━━ Records for this task

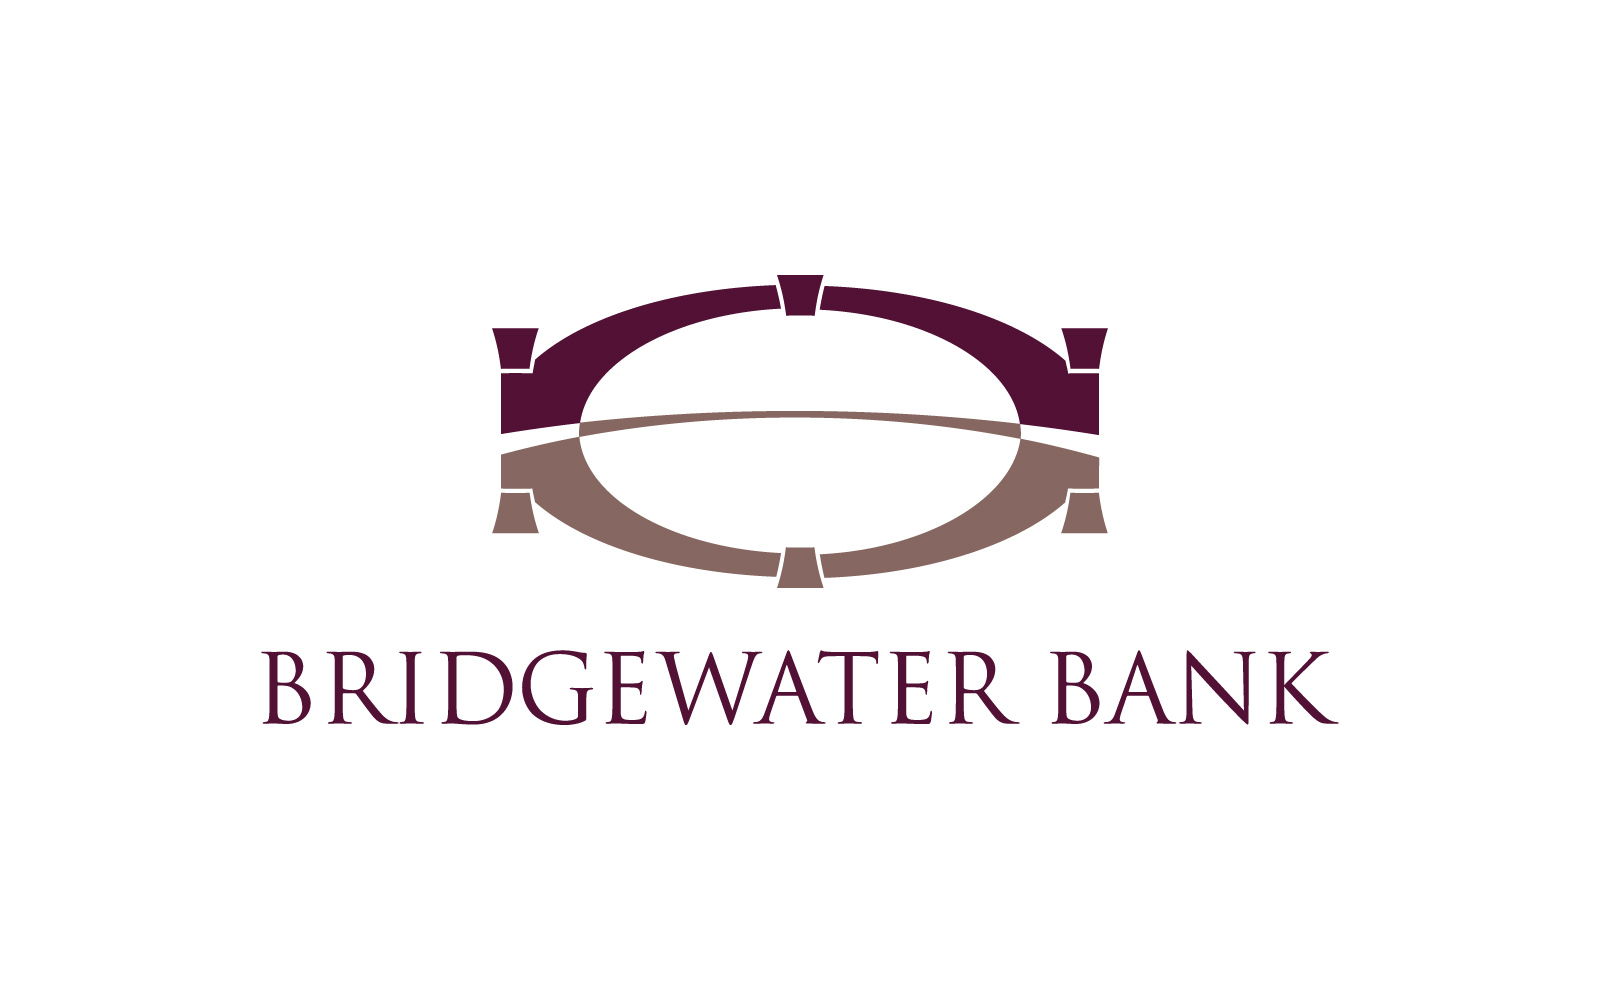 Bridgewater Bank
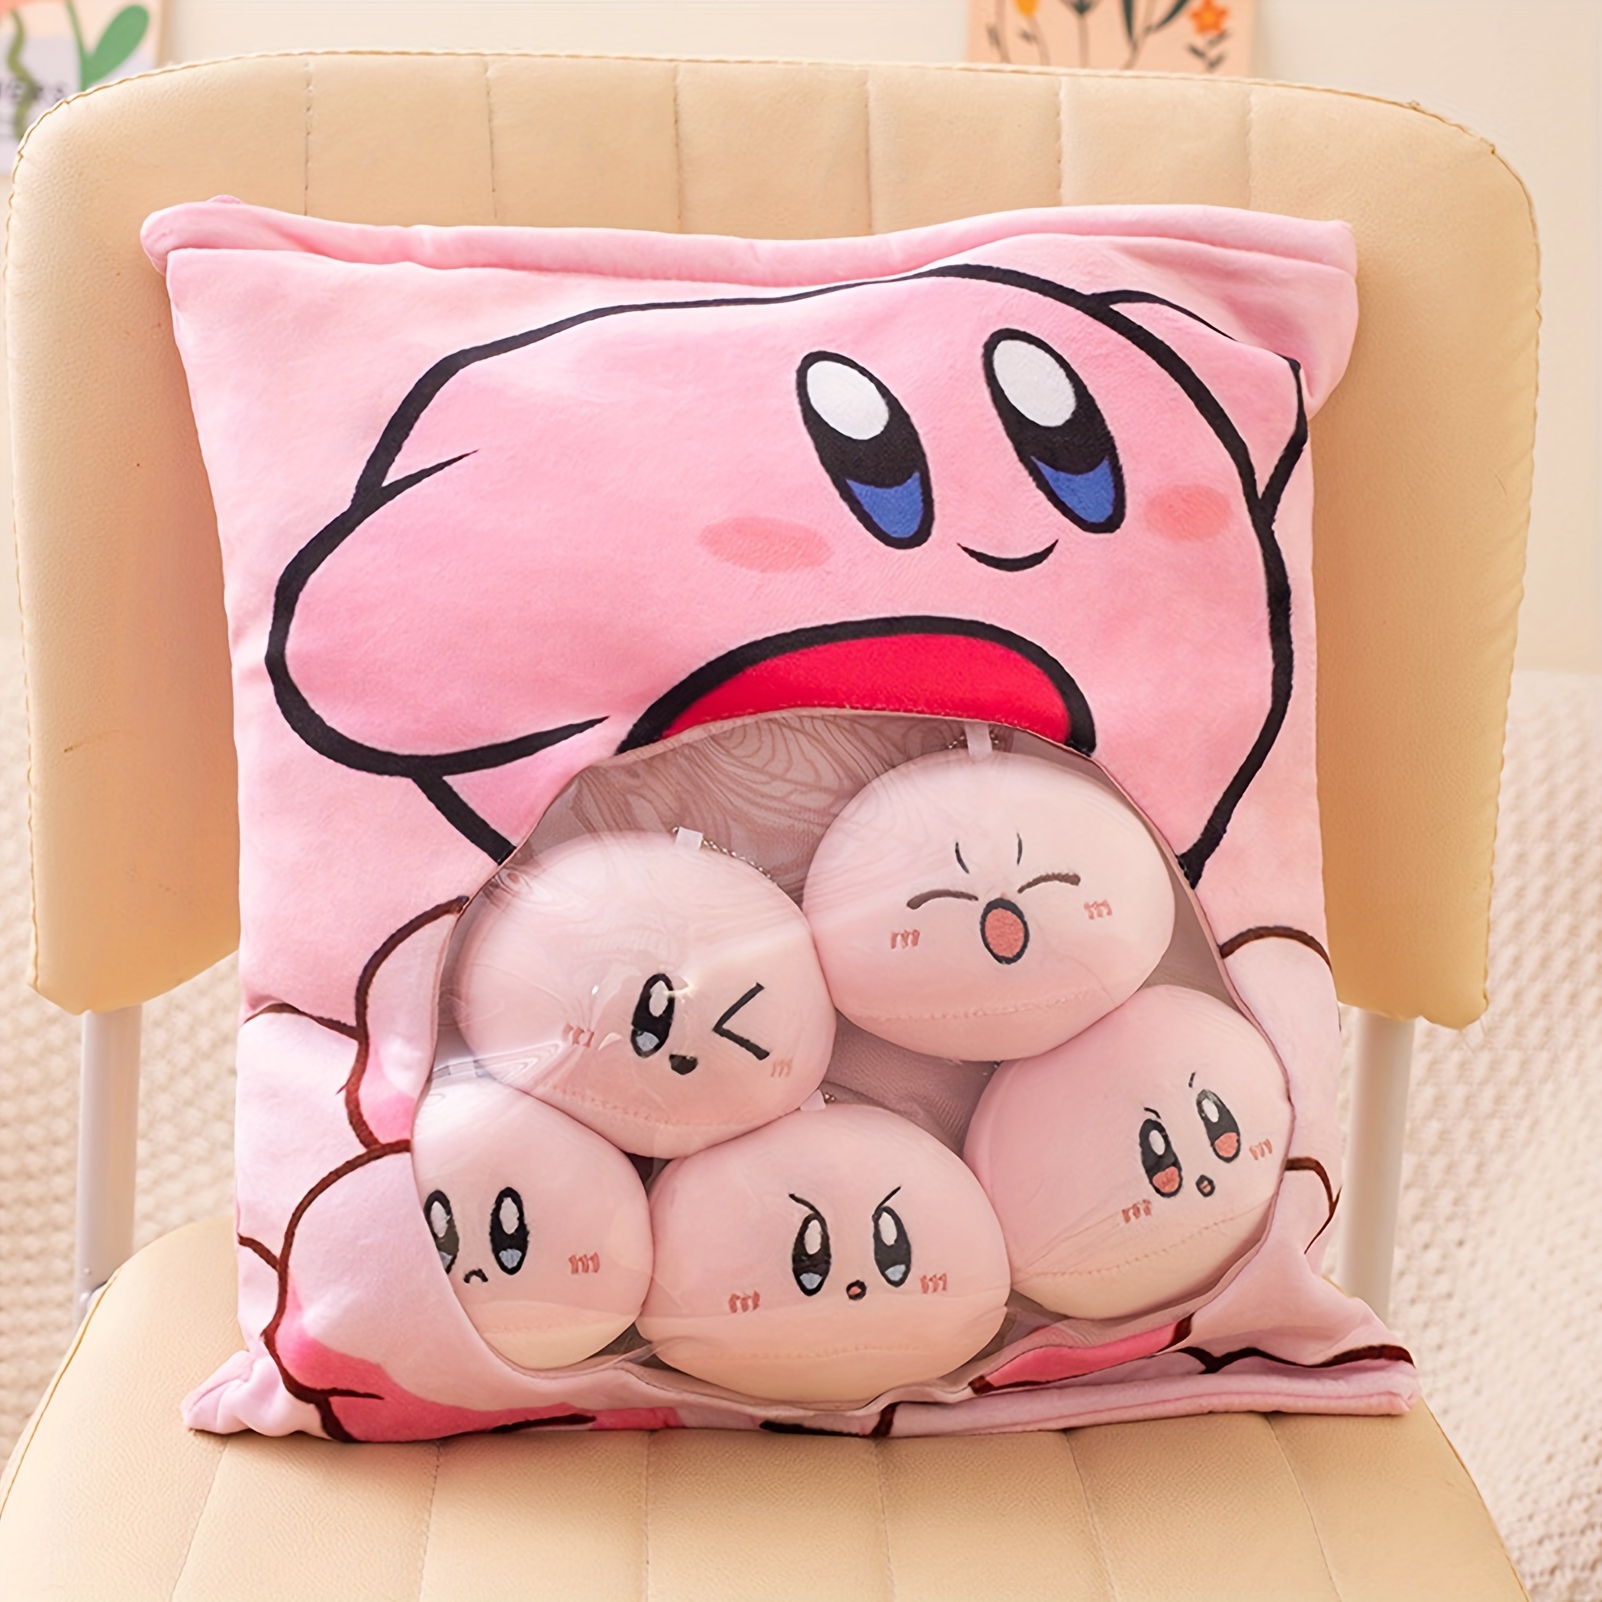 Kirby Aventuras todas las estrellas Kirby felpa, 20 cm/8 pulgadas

━━━━
━━ Records for this task

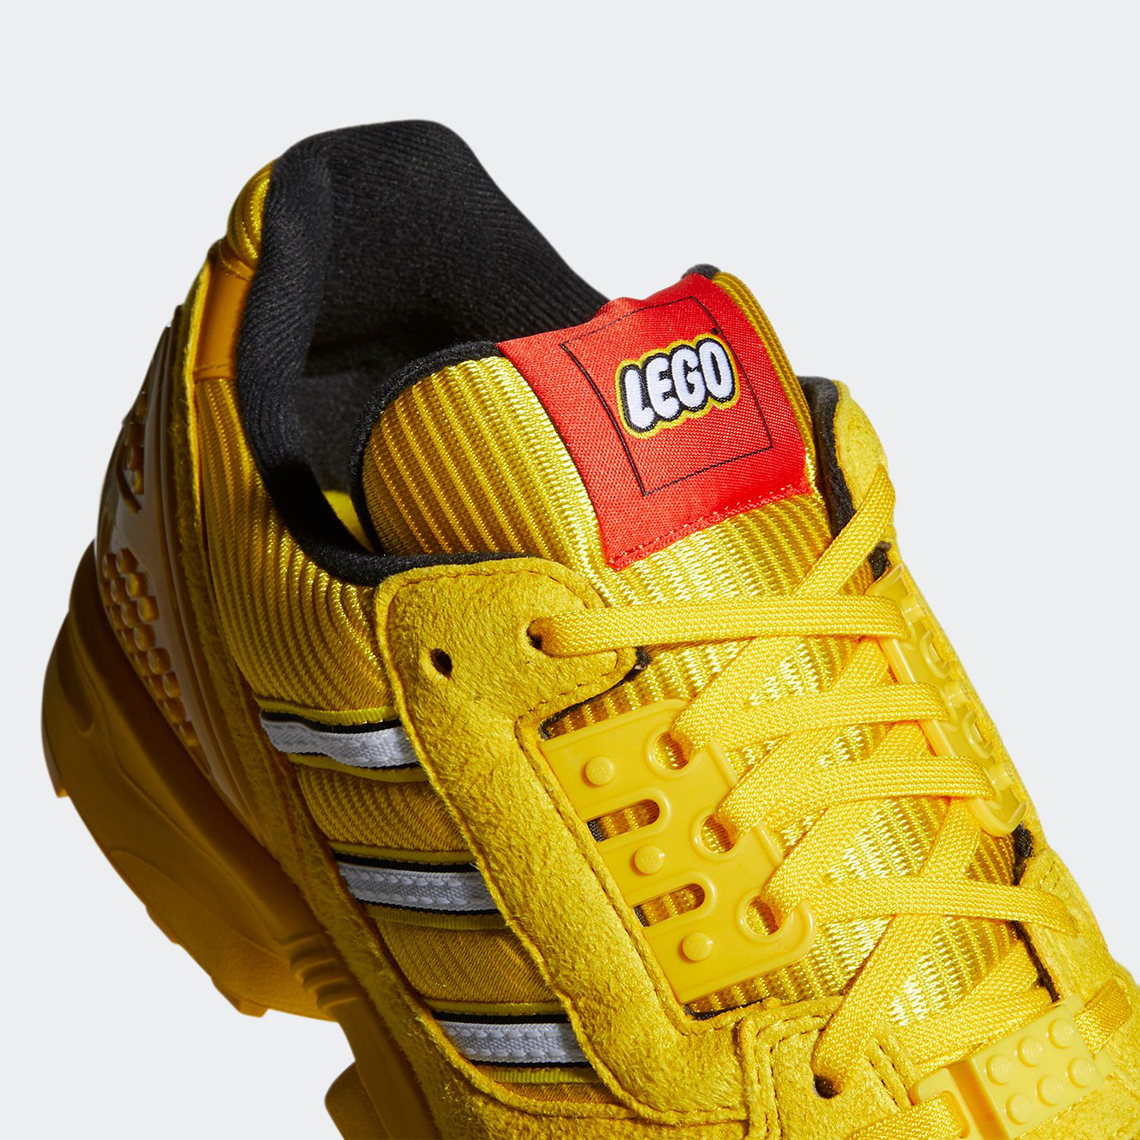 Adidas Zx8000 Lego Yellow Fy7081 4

━━━━

## Problem details
With the pictures omitted, copy exactly the lines of the listing above starting at the line containing "Bridgewater Bank" and ending at the line containing "Kirby Aventuras todas", both included.

## Result of the task
 Bridgewater Bank
 Kirby Aventuras todas las estrellas Kirby felpa, 20 cm/8 pulgadas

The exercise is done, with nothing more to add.